Malignant tumors of the central nervous system (CNS) cause substantial morbidity and mortality, yet efforts to optimize chemo- and radiotherapy have largely failed to improve dismal prognoses. Over the past decade, RNA sequencing (RNA-seq) has emerged as a powerful tool to comprehensively characterize the transcriptome of CNS tumor cells in one high-throughput step, leading to improved understanding of CNS tumor biology and suggesting new routes for targeted therapies. RNA-seq has been instrumental in improving the diagnostic classification of brain tumors, characterizing oncogenic fusion genes, and shedding light on intratumor heterogeneity. Currently, RNA-seq is beginning to be incorporated into regular neuro-oncology practice in the form of precision neuro-oncology programs, which use information from tumor sequencing to guide implementation of personalized targeted therapies. These programs show great promise in improving patient outcomes for tumors where single agent trials have been ineffective. As RNA-seq is a relatively new technique, many further applications yielding new advances in CNS tumor research and management are expected in the coming years.

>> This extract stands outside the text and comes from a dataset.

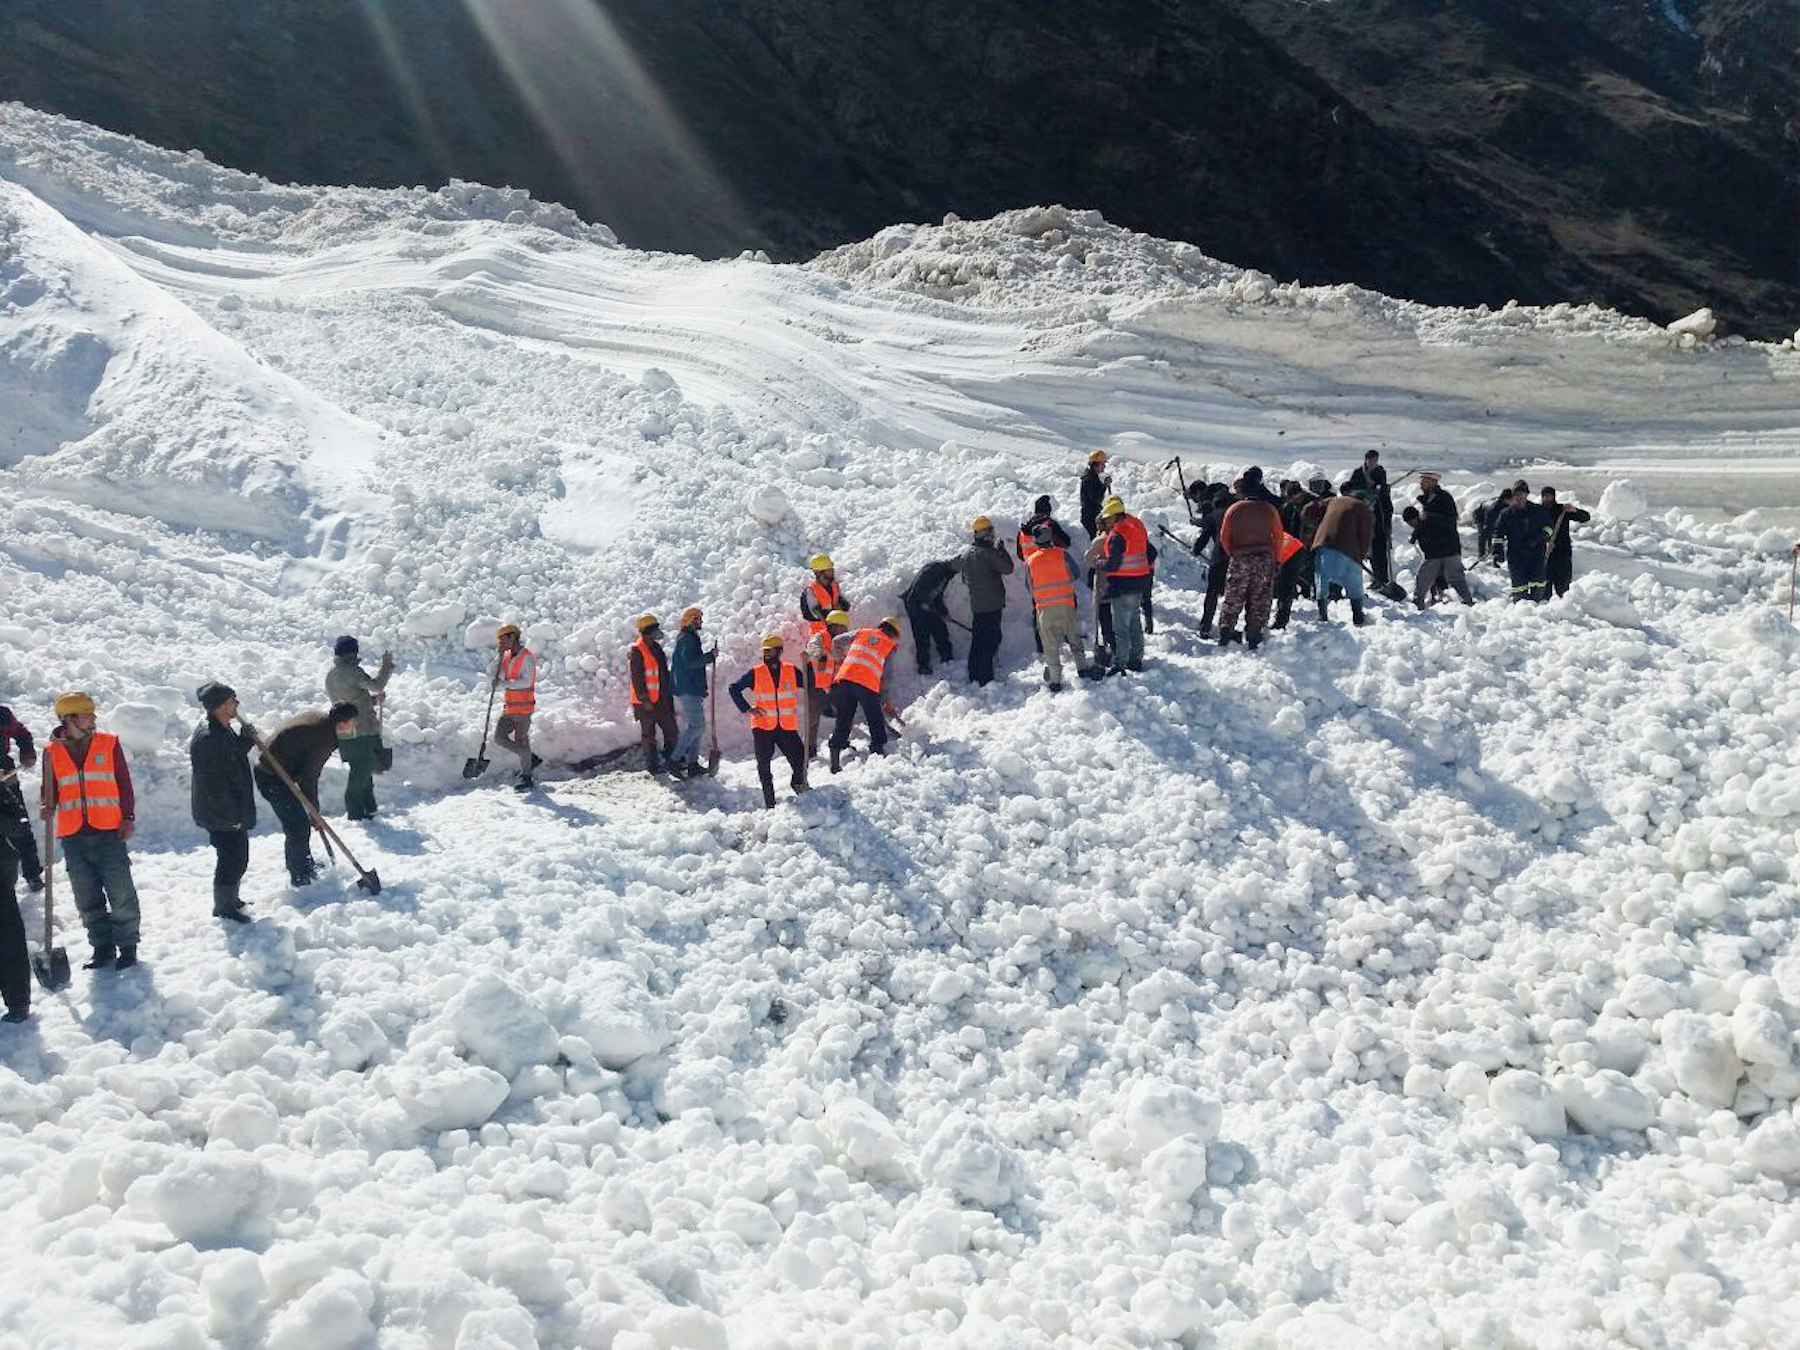 Community Emergency Response volunteers trained by the Aga Khan Agency for Habitat (AKAH) have been mobilised, at the request of the Government of Tajikistan, after over 50 avalanches have hit the region. (Picture: AKAH volunteers clear a road blocked by an avalanche in Badakhshan in 2021).

Techniques for characterizing RNA transcripts
A, qRT-PCR (TaqMan). Sample RNA is converted into cDNA and amplified by PCR in the presence of a target-specific oligonucleotide bound to a fluorescent probe and fluorescence quencher. As DNA polymerase synthesizes the new DNA strand, it cleaves the fluorescent probe off the oligonucleotide, freeing it to fluoresce. The fluorescence grows stronger with each PCR cycle as more fluorescent probes are freed. B, Microarray. RNA is extracted from normal and tumor cells, reverse transcribed, and labeled with fluorescent probes (green for normal cDNA and red for tumor cDNA). The cDNAs are applied to a microarray chip, where they bind to complementary sequences from annotated genes. The relative amount of green versus red fluorescence corresponds to the relative expression of genes in normal versus tumor cells. C, NanoString. Extracted RNA is hybridized with target-specific capture probes and reporter probes. The reporter probes contain precisely ordered fluorescent barcodes to identify each target. The probe-target complexes are then aligned by an electric current, and the fluorescent barcodes are counted to digitally quantitate each target. D, RNA-seq. Extracted RNA is fragmented, reverse transcribed, and modified with linkers to aid sequencing. The cDNA is sequenced with NGS technology, and the resulting sequences are aligned against a reference genome to reveal the expression levels of various genes in the sample.